A single half-plate pyrosequencing run on the same normalized cDNA used in the Sanger-based sequencing generated 139,839 reads, which after trimming and cleaning, yielded 90,664 usable reads (>100 base pairs) with an average length of 190 nucleotides and a total length of 17.3 Mb (Table 1). After clustering and assembly using the TGICL clustering utilities [29], 66,312 sequence reads were incorporated into 11,155 assemblies and 24,352 singletons for a total of 35,507 unique sequences. Assemblies had an average length of 233 bp with a maximum length of 1,385 bp (Table 1, Figure 1). For the 454 assembly, 25,285 (71%) sequences (9,226 assemblies, 16,059 singletons) aligned to the draft P. ultimum BR144 genome sequence. Of these 35,507 unique sequences, 7,991 (22.5%) had a protein match with UniRef100 [28], significantly less than what was observed for the Sanger-derived ESTs. If only sequences > 500 bp were considered, 71% had a match with an entry in UniRef100 suggesting that the short length of the 454 reads impact the ability to detect similar sequences. As the pyrosequencing library preparation involves random shearing of the normalized (but uncloned) cDNA population [25], the pyrosequencing reads originate from random locations within each cDNA and may have either orientation. The majority of assemblies contain 2–5 reads, while in contrast only a few of the assemblies contained over 100 pyrosequencing EST reads (Figure 1). This is presumably due to both the length of the individual reads, the normalization of the cDNA population, and the coverage of the transcriptome represented in this dataset.
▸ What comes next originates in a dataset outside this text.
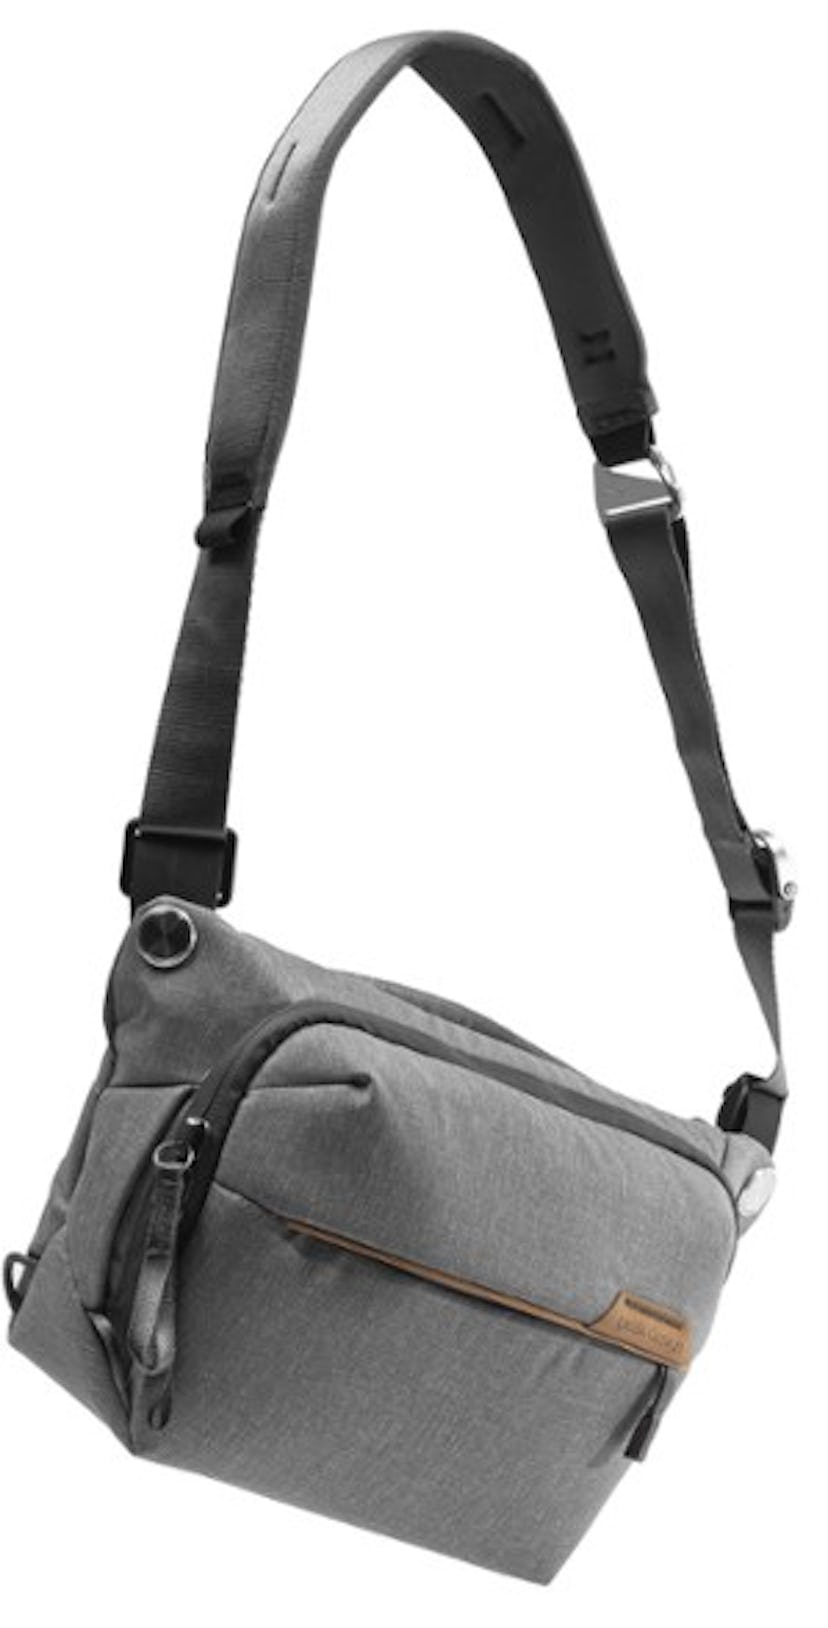 Peak Design Everyday Sling Camera Bag
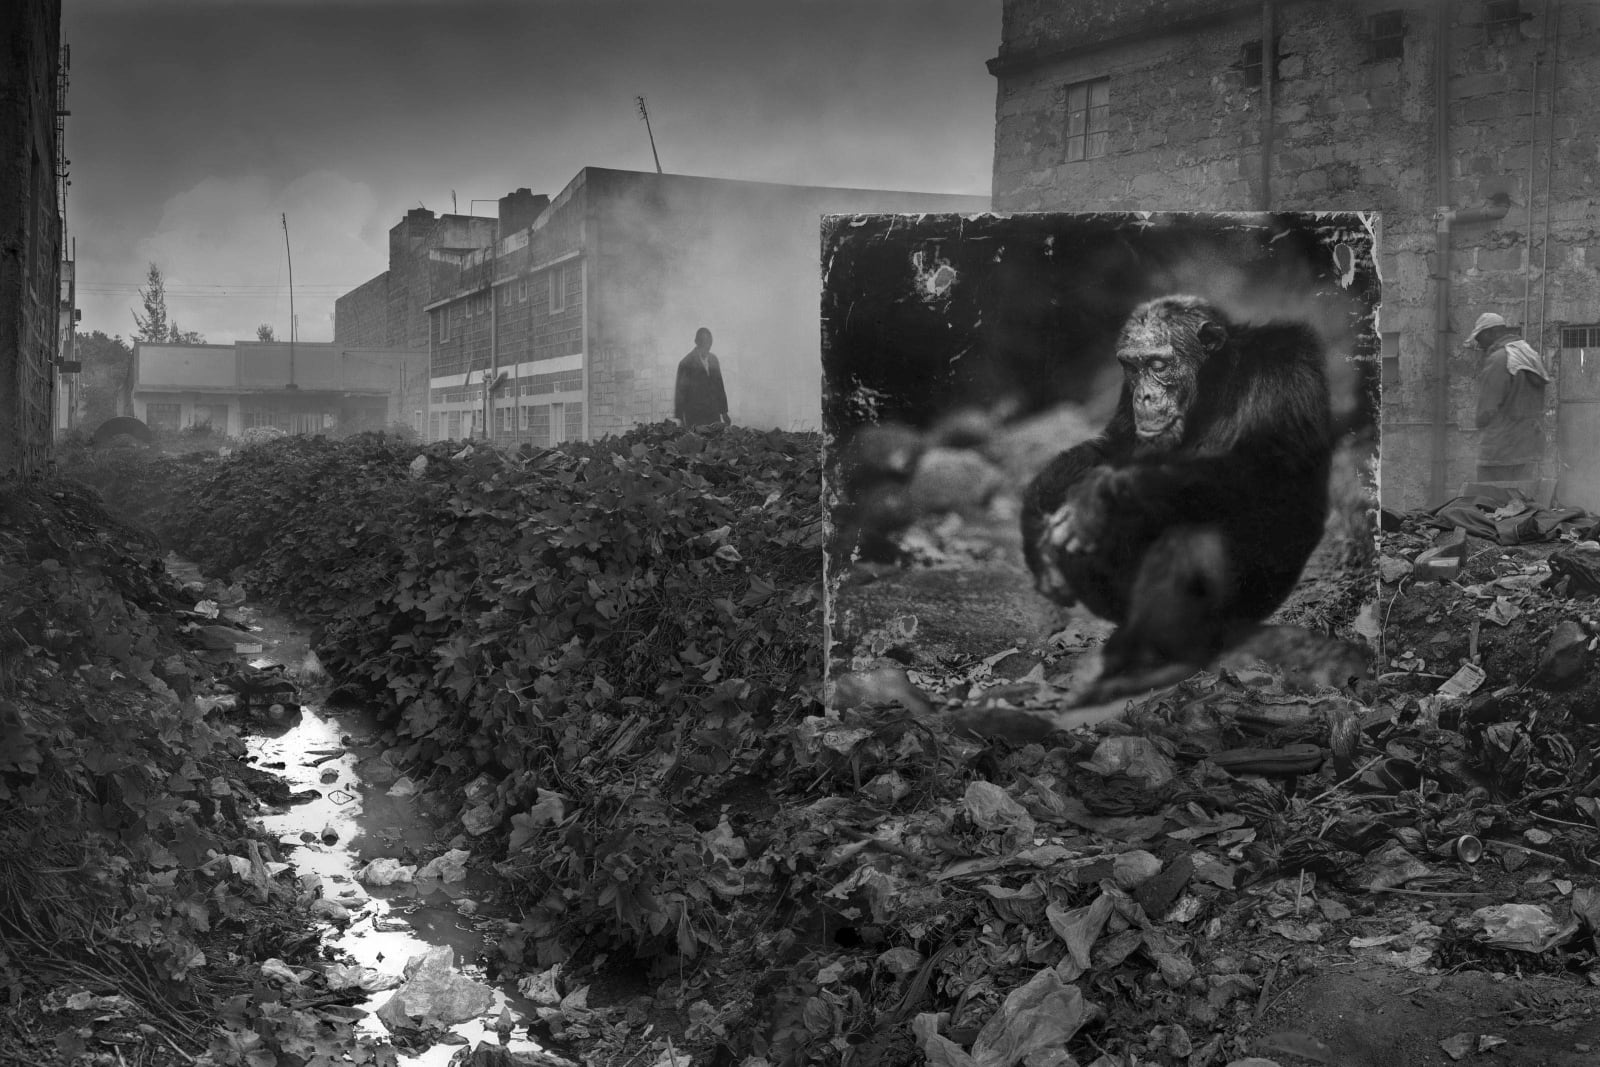 Nick Brandt, Alleyway with Chimpanzee, 2014

Hybrid assembly of Sanger and Pyrosequencing-based reads

A hybrid assembly was constructed using the pyrosequencing- and Sanger-based EST reads which were clustered and assembled using the TGICL clustering utilities [29]; of these, 10,811 were assemblies and 23,684 were singletons for a total of 34,495 unique sequences (Table 1). Since the reads used in the hybrid assembly were predominantly derived from the pyrosequencing dataset, with the exception of the maximum assembly length, the assembly length and EST component statistics are similar to that for the pyrosequencing-only reads (Figure 1). In the hybrid assembly, a majority of assemblies are short with an average length of 276 base pairs (maximum length of 4,471 base pairs (Table 1)) and contain few component reads (Figure 2). The majority of assemblies contain 2–5 EST reads while only a limited number of assemblies contain over 100 EST reads. For the hybrid assembly, 24,140 (70%) sequences (8,922 assemblies, 15,218 singletons) aligned to the draft P. ultimum BR144 genome sequence. Within the hybrid assembly, 8,618 had a protein match using UniRef100 [28] significantly less than what was observed for the Sanger-derived ESTs yet consistent with the abundance of 454 reads in the overall hybrid assembly. If only sequences > 500 bp within the hybrid assembly were considered, 69% had a match with an entry in UniRef100. Pyrosequencing using the 454 platform is reported to have reduced accuracy in homopolymer regions [25]. Examination of homopolymer regions (>4 nucleotides) detected between the Sanger- and the 454-derived reads revealed differences in homopolymer length between the Sanger and 454-reads in 837 instances, primarily in A or T homopolymer regions (407 A, 323 T, 65 G, 42 C).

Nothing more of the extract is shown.